Cada cual se forma su propia leyenda en torno a Mozart, cabe imaginar. Es lo que sucede siempre con este tipo de personajes. Probablemente haya muchos que la hayan conformado tomando el cine como modelo. Aunque admito que hace ya bastantes años que vi la película Amadeus de Milos Forman y no la recuerdo con mucho detalle, sí sé que me pareció chocante el modo en que describían la personalidad del compositor de Salzburgo, haciendo un retrato bastante distinto a la imagen que me había formado leyendo varias biografías suyas.

Supongo que el retrato de Forman quedó inserto en el imaginario popular como la representación más recurrente del personaje, pero algunos nunca hemos conseguido encajar al Mozart de la película con el concepto que teníamos y tenemos de él. Pero esto, en realidad, ha sucedido siempre con Mozart: su vida se ha transformado en un cuento popular, y los cuentos populares van evolucionando de boca en boca. Durante más de dos siglos han circulado leyendas que forman parte indisoluble del mito mozartiano, habladurías que ya empezaron a extenderse poco después de su fallecimiento y que en muchos casos se trata de invenciones o exageraciones.

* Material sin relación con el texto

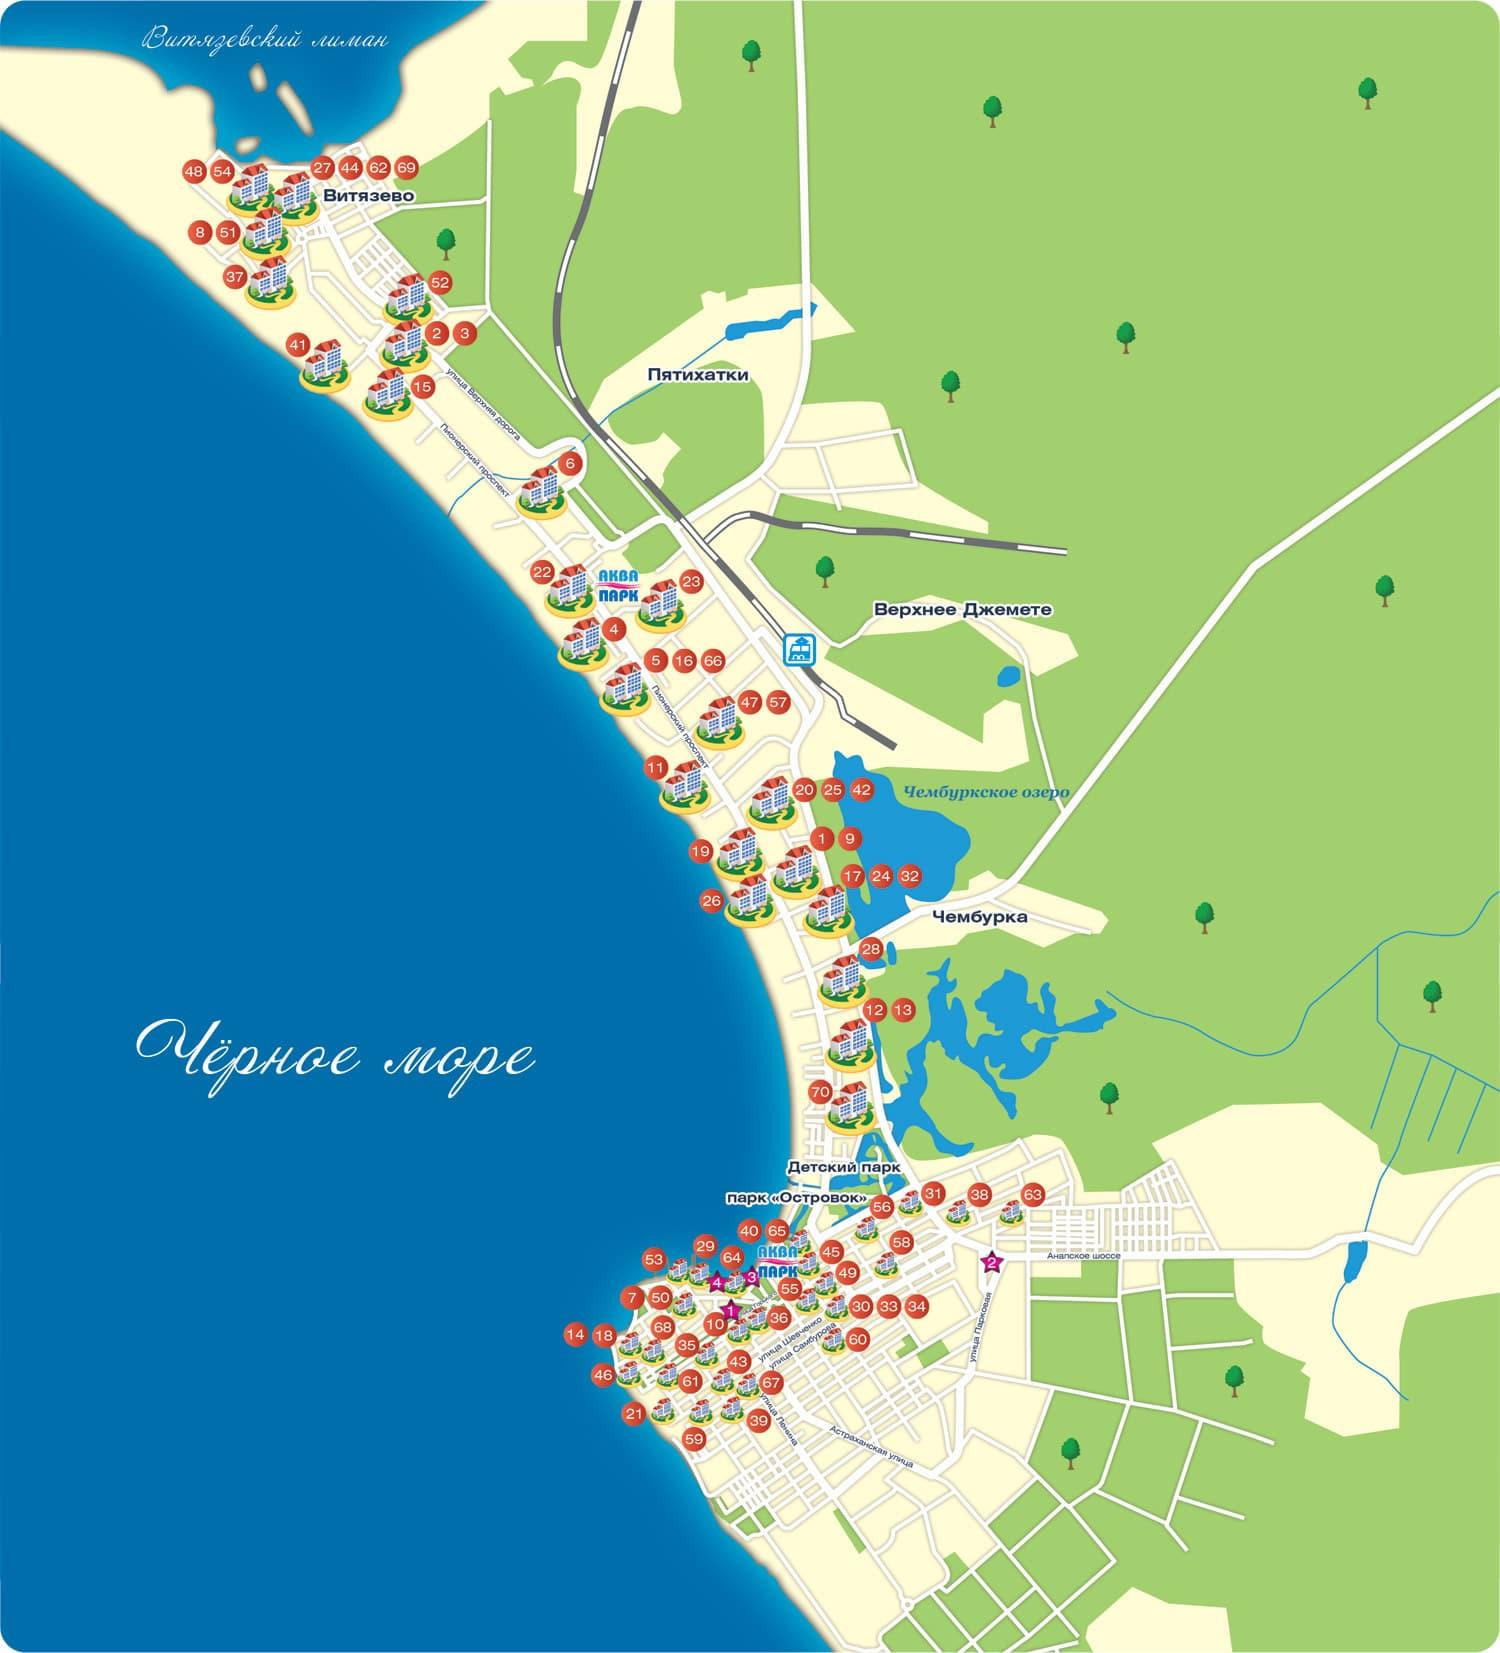 Карта анапы с улицами и домами карта города анапа

Por ejemplo, el que Mozart muriese en el olvido y la más completa ruina, o el que su desangelado entierro se realizase bajo una tormenta con la única presencia del propio enterrador, del cual se dice que abandonó el cuerpo con total indiferencia en una fosa común. Hechos que han resultado ser falsos o al menos verdades a medias.

Al igual que, cómo no, la idea de que Antonio Salieri fuese su enemigo más contumaz. No se puede descartar que hubiese quizá algún encontronazo profesional entre ambos en algún momento. Pero tampoco podemos asegurar con rotundidad que Salieri intentase boicotear a Mozart, pese a que Mozart lo creyó, como podemos deducir de su correspondencia. Desde luego no hubo una enemistad feroz en el grado en que se pinta a veces y mucho menos hasta el punto de que Salieri planease “matar a Mozart” como se ha llegado a afirmar en la tradición oral e incluso en según qué literatura sensacionalista.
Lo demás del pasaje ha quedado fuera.